##### DATA BLOCK #####

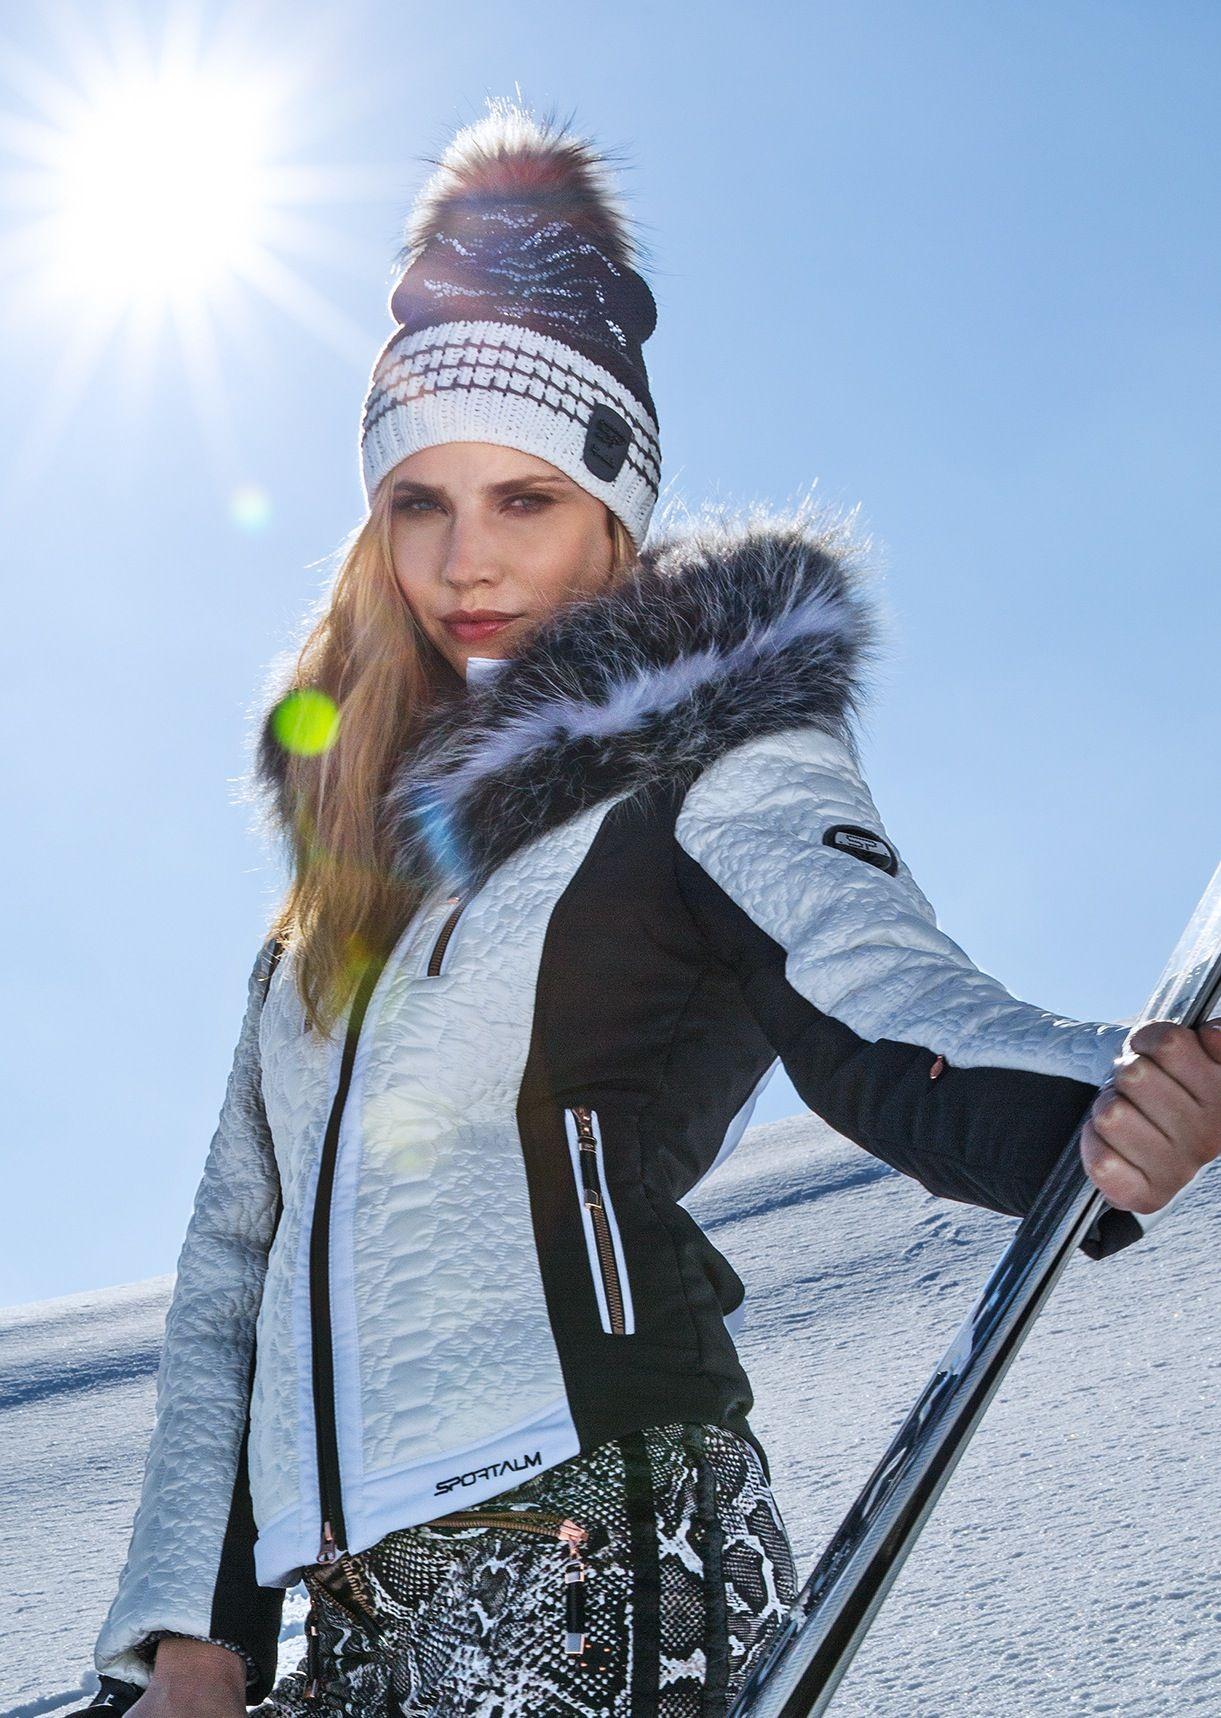 Tinka Ski Jacket For Women Skiwear Ski Skiing Women
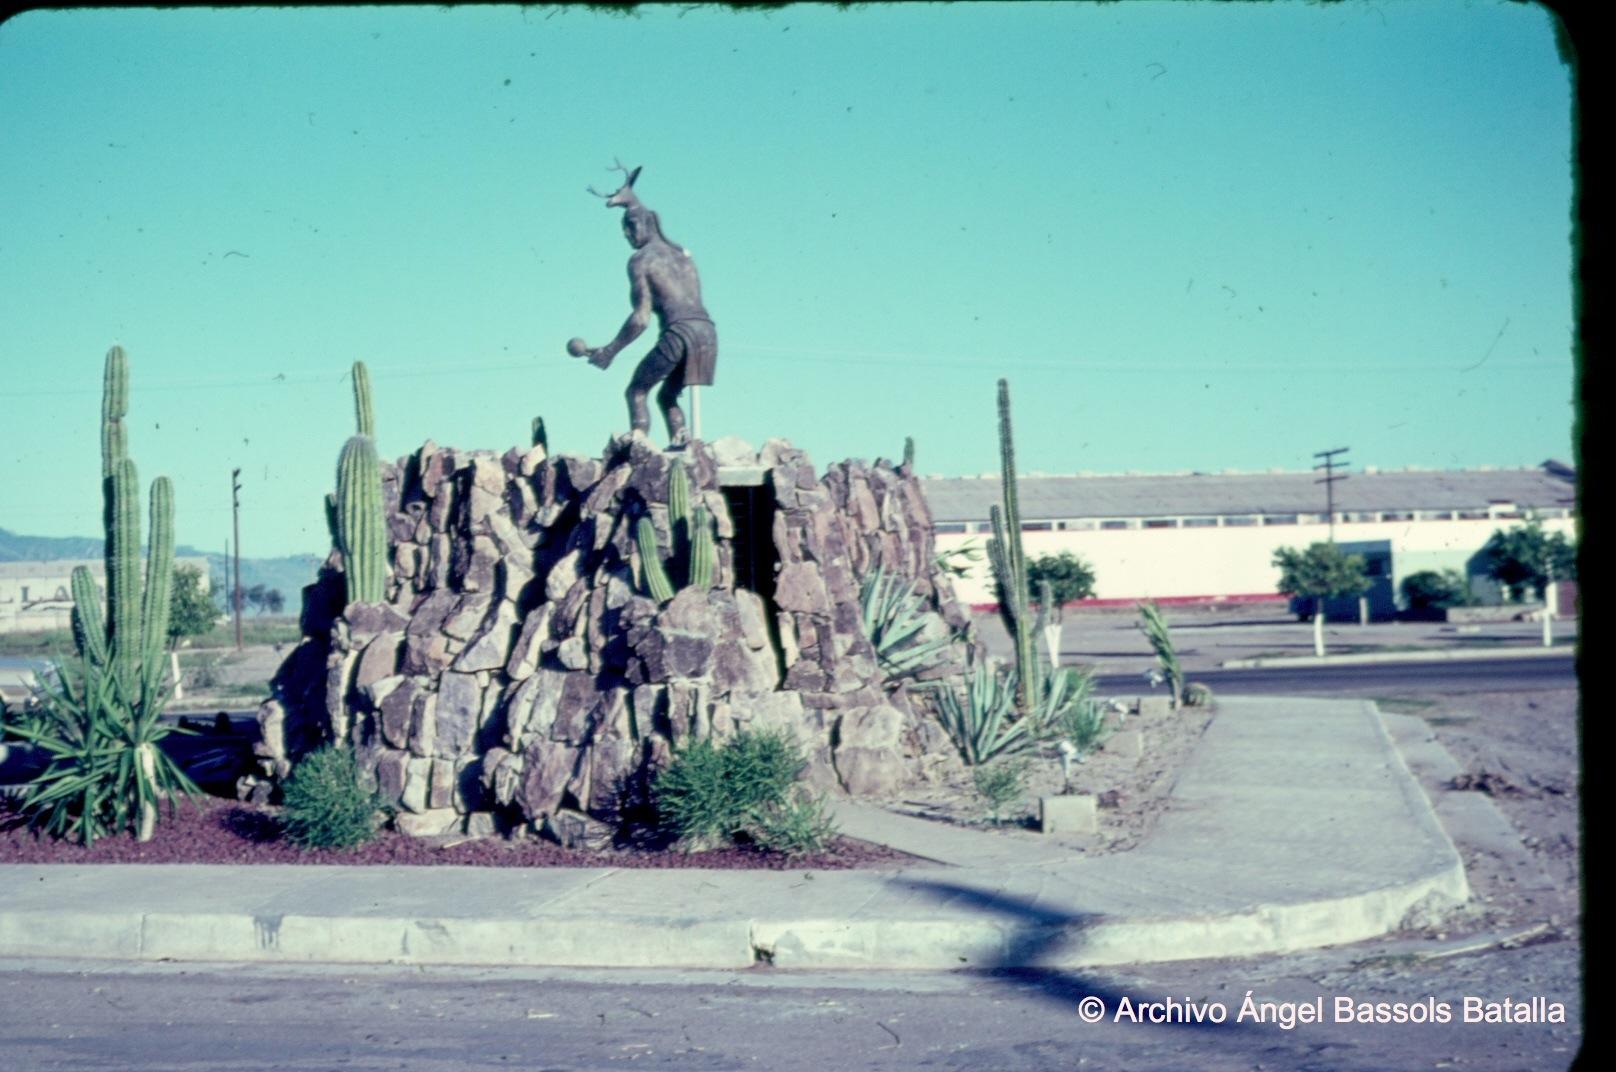 Monumento al yaqui de Ciudad Obregón
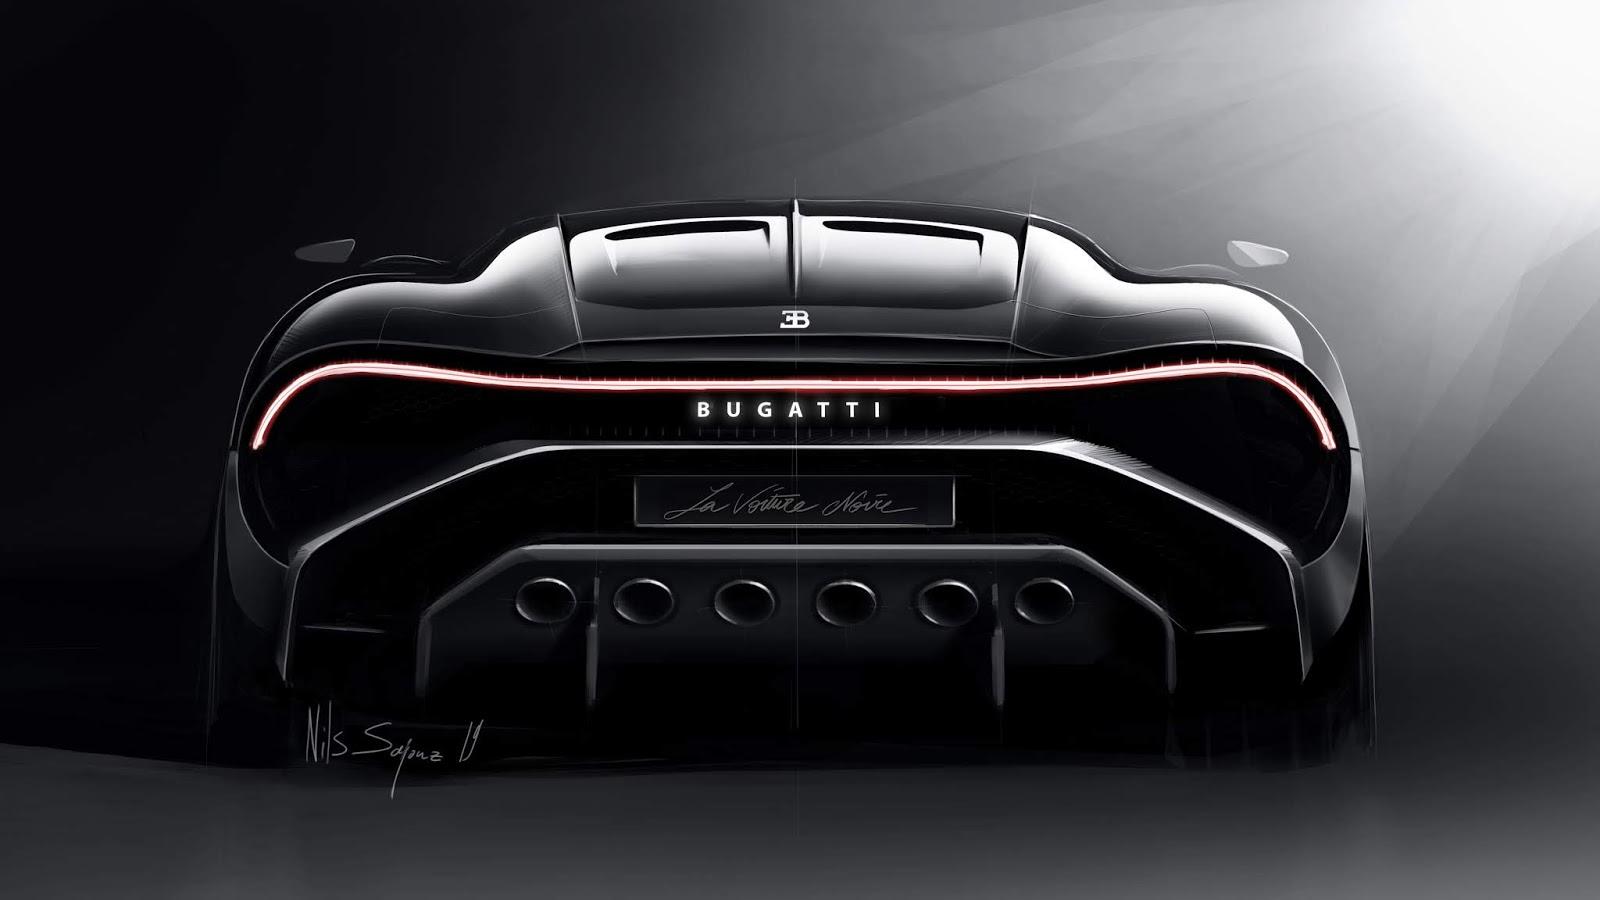 bugatti la voiture noire 2019 538932
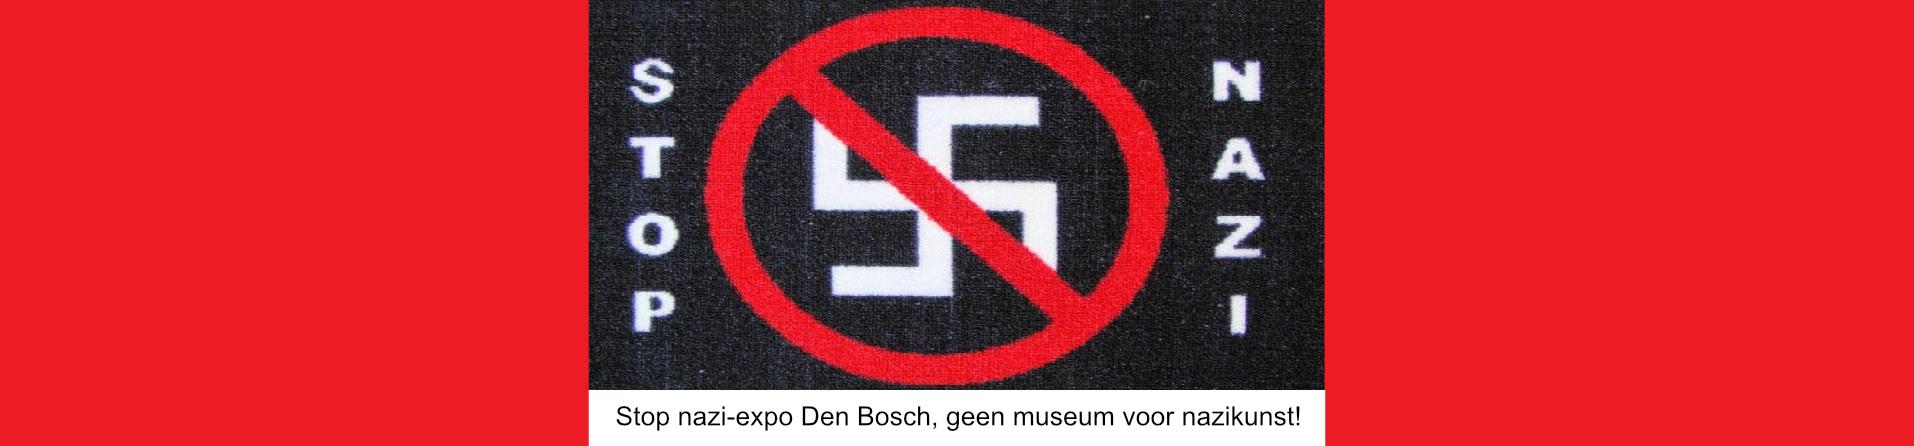 'Ontkenning holocaust altijd vervolgen'

#####

Top to bottom, retype the listing exactly but drop every picture.

 Tinka Ski Jacket For Women Skiwear Ski Skiing Women
 Monumento al yaqui de Ciudad Obregón
 bugatti la voiture noire 2019 538932
 'Ontkenning holocaust altijd vervolgen'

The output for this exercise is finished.